Are judges following the constitution when they are having to force the majority of the electorate to agree to something in which they don't want to agree with on some of the issues state by state by state ? Is that what the constitution suggest to this nation now, otherwise that if people bring issues, and they can somehow link them to other issues, then the judges must follow this linking no matter what ? I'm just asking, because I believe all of this is new these days am I right ?
No, there is nothing new about the doctrine of judicial review and the courts’ authority to invalidate laws repugnant to the Constitution; this doctrine predates the founding of the Republic, it was practiced in Colonial America and is part of the Anglo-American judicial tradition dating back centuries before then.

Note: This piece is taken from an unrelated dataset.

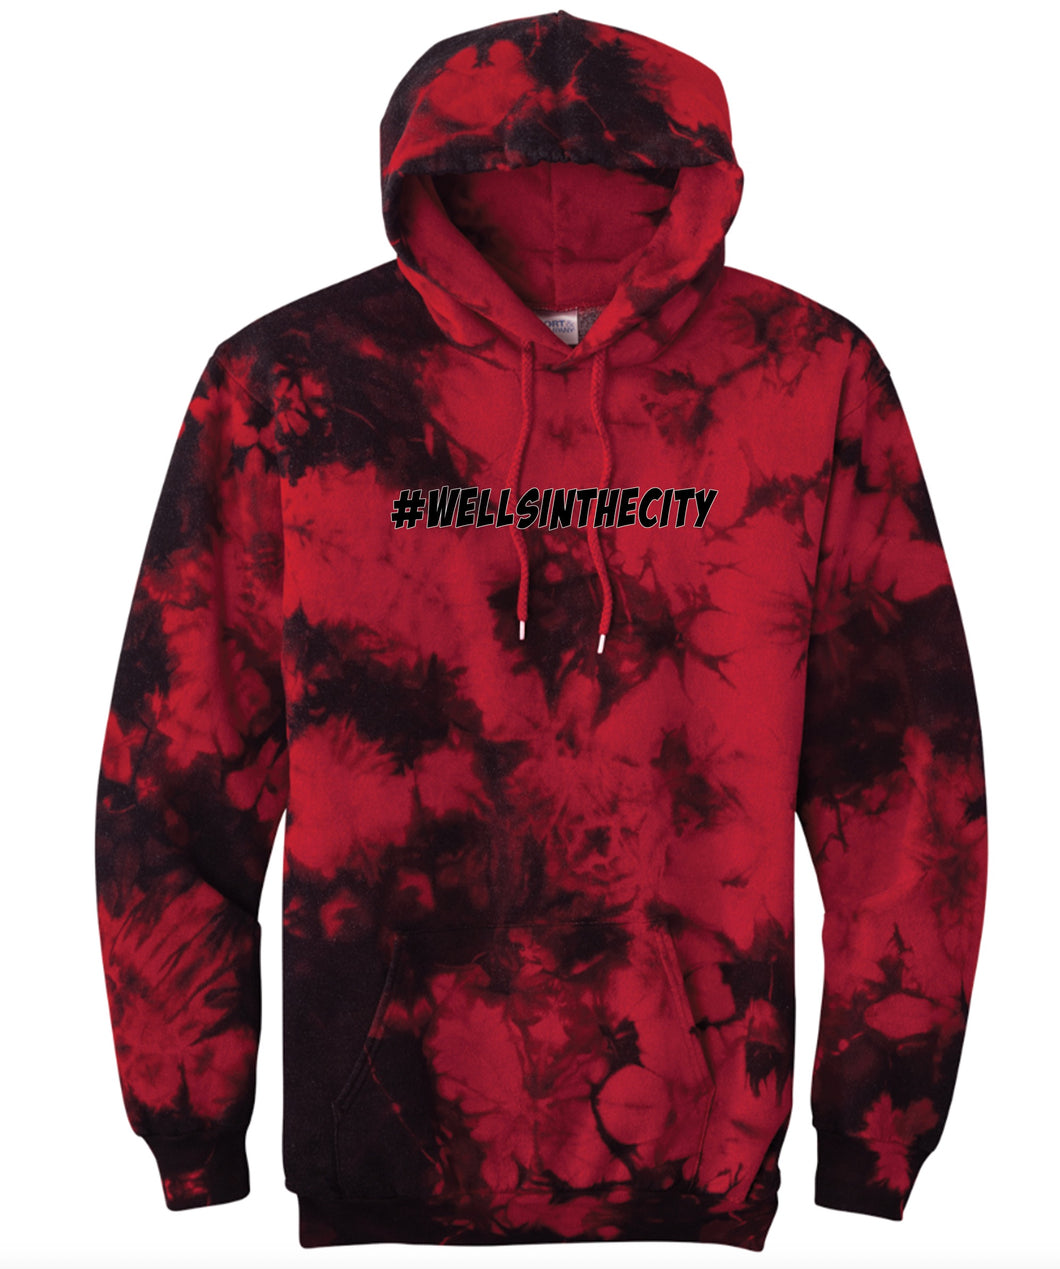 Wellsinthecity hoodie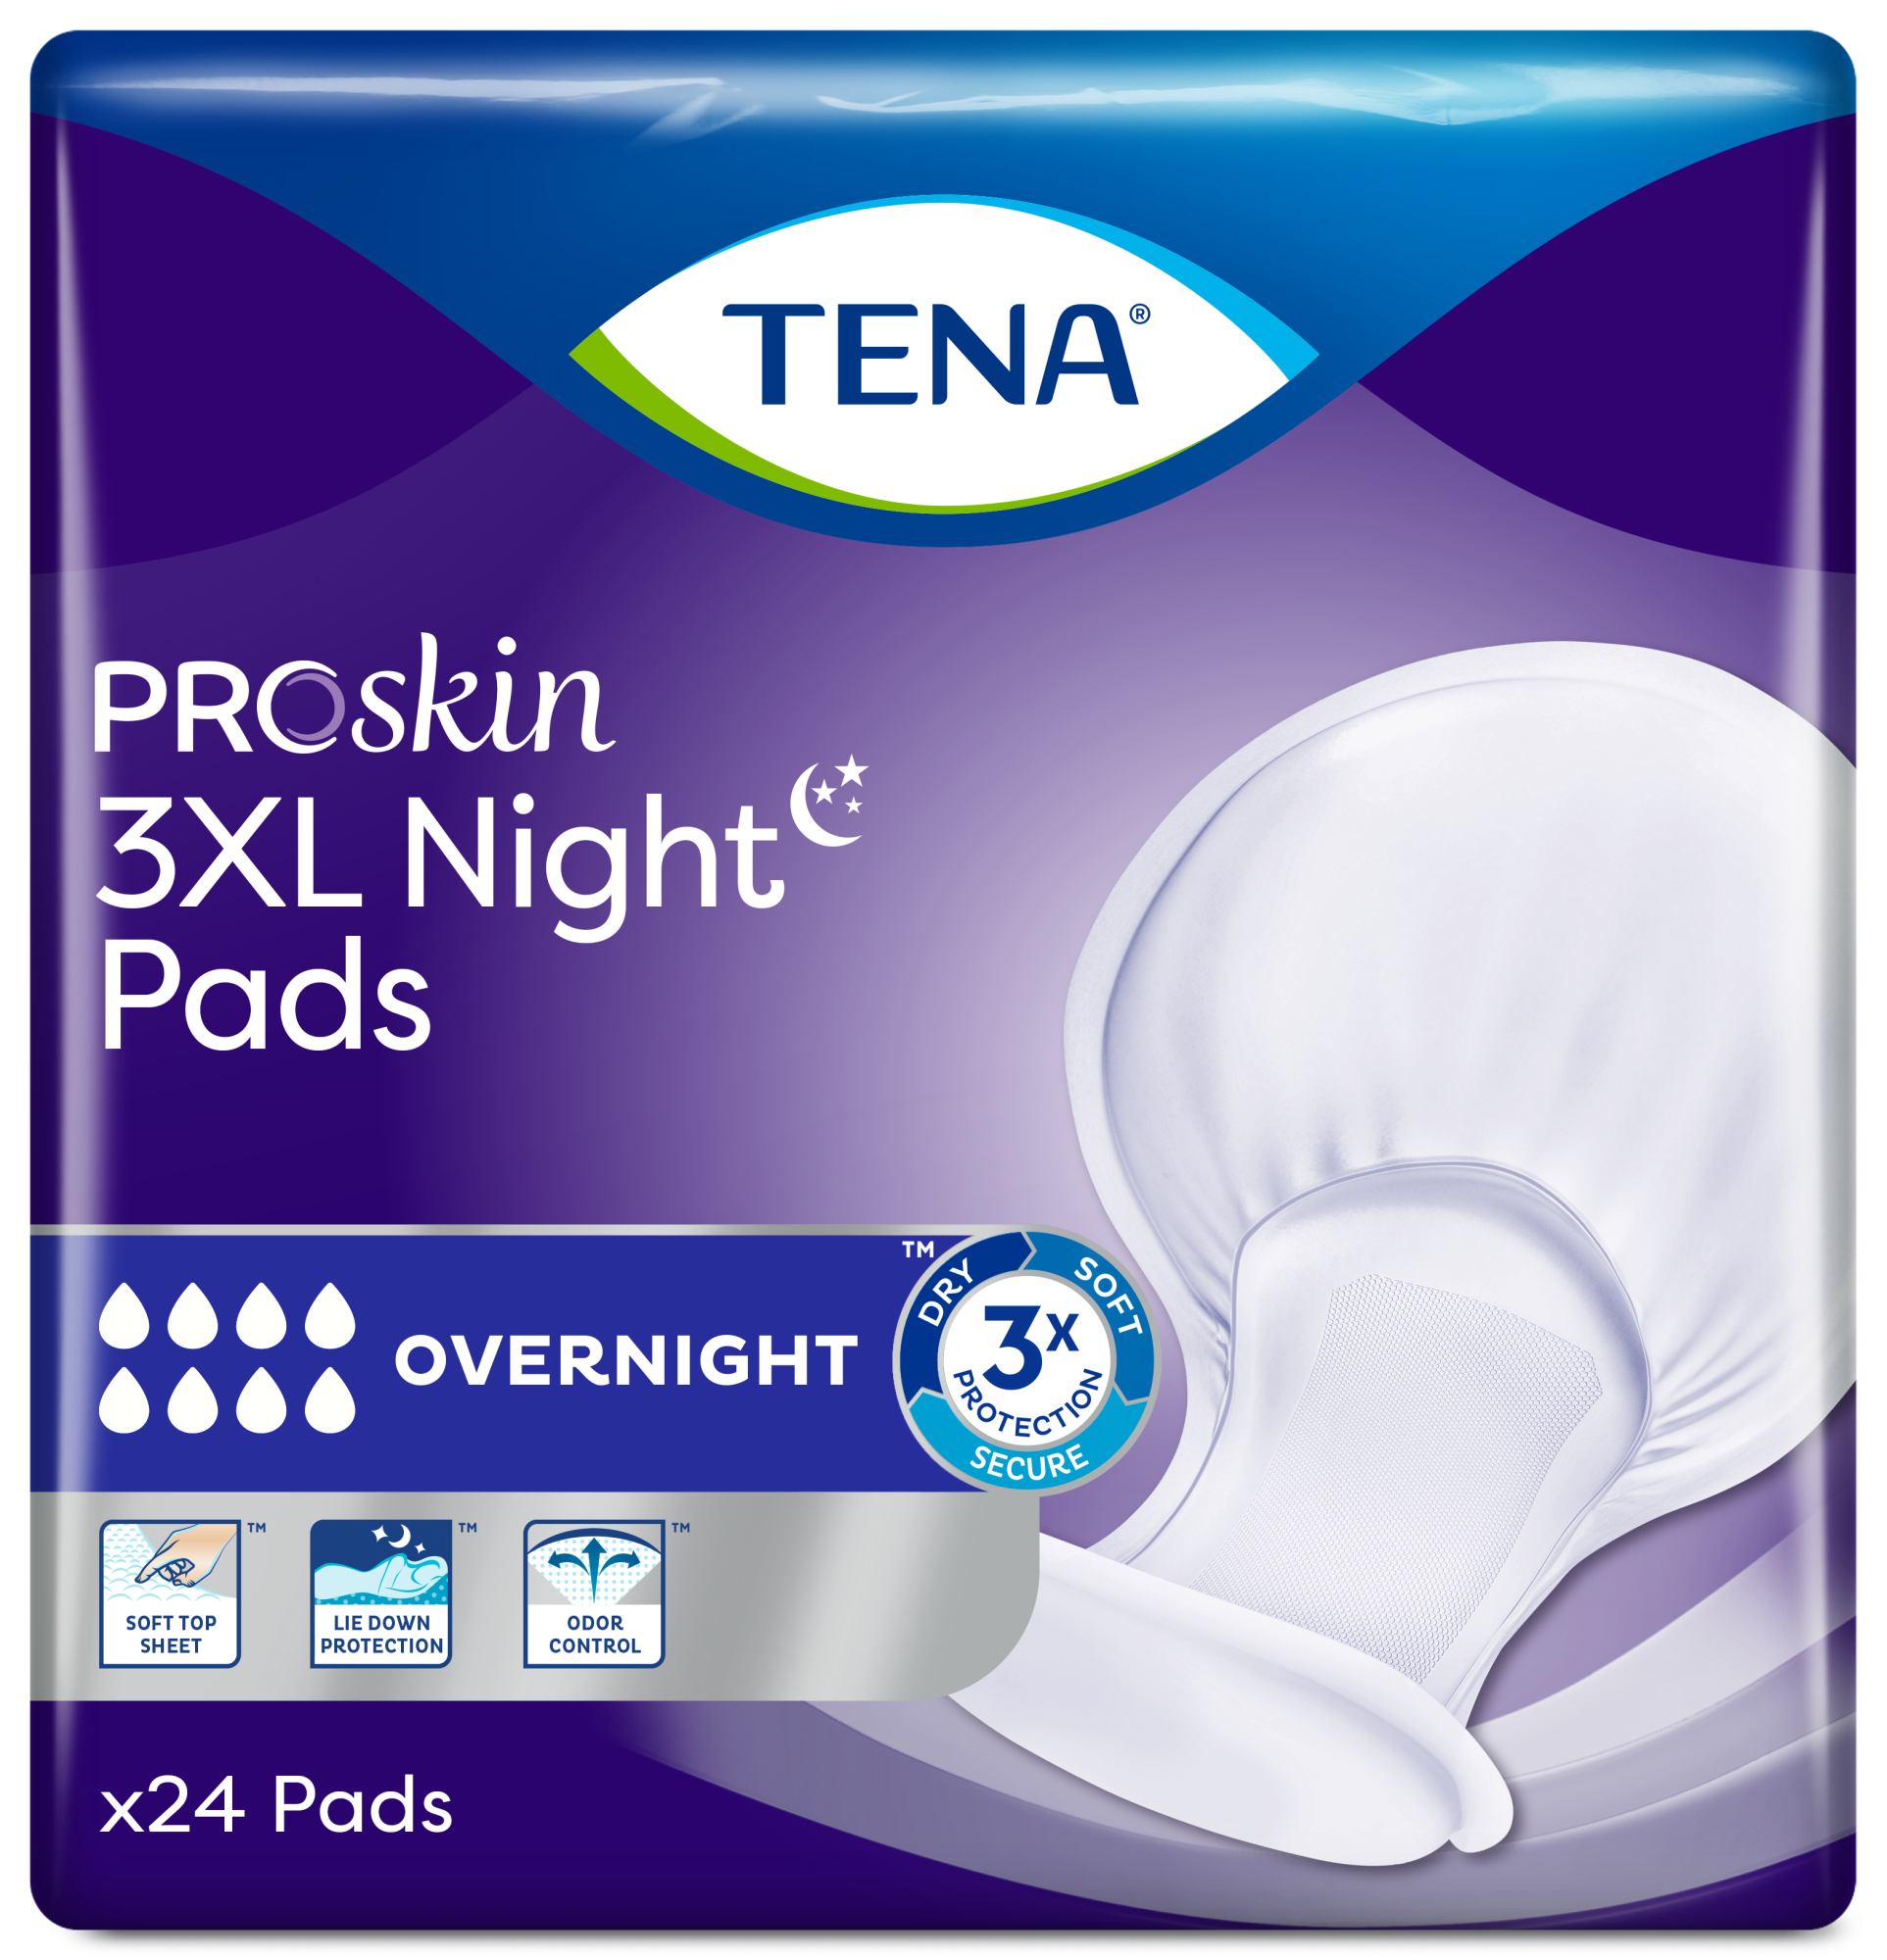 https://tena-images.essity.com/images-c5/92/379092/optimized-AzurePNG2K/tena-proskin-3xl-night-pads-beauty.png

When the people err and enact an un-Constitutional measure, it is both the duty and responsibility of the Federal courts to invalidate that measure in accordance with the Constitution and its case law. See
McCulloch v. Maryland (1819).
One’s civil liberties are not subject to majority rule, and one does not forfeit his civil liberties merely as a consequence of his state of residence. Gay Americans are first and foremost citizens of the United States, where their jurisdiction of residence is irrelevant – neither the states nor the people who reside in those states have the authority to deny an American citizen his civil liberties, civil liberties that are protected by the Federal Constitution, the supreme law of the land.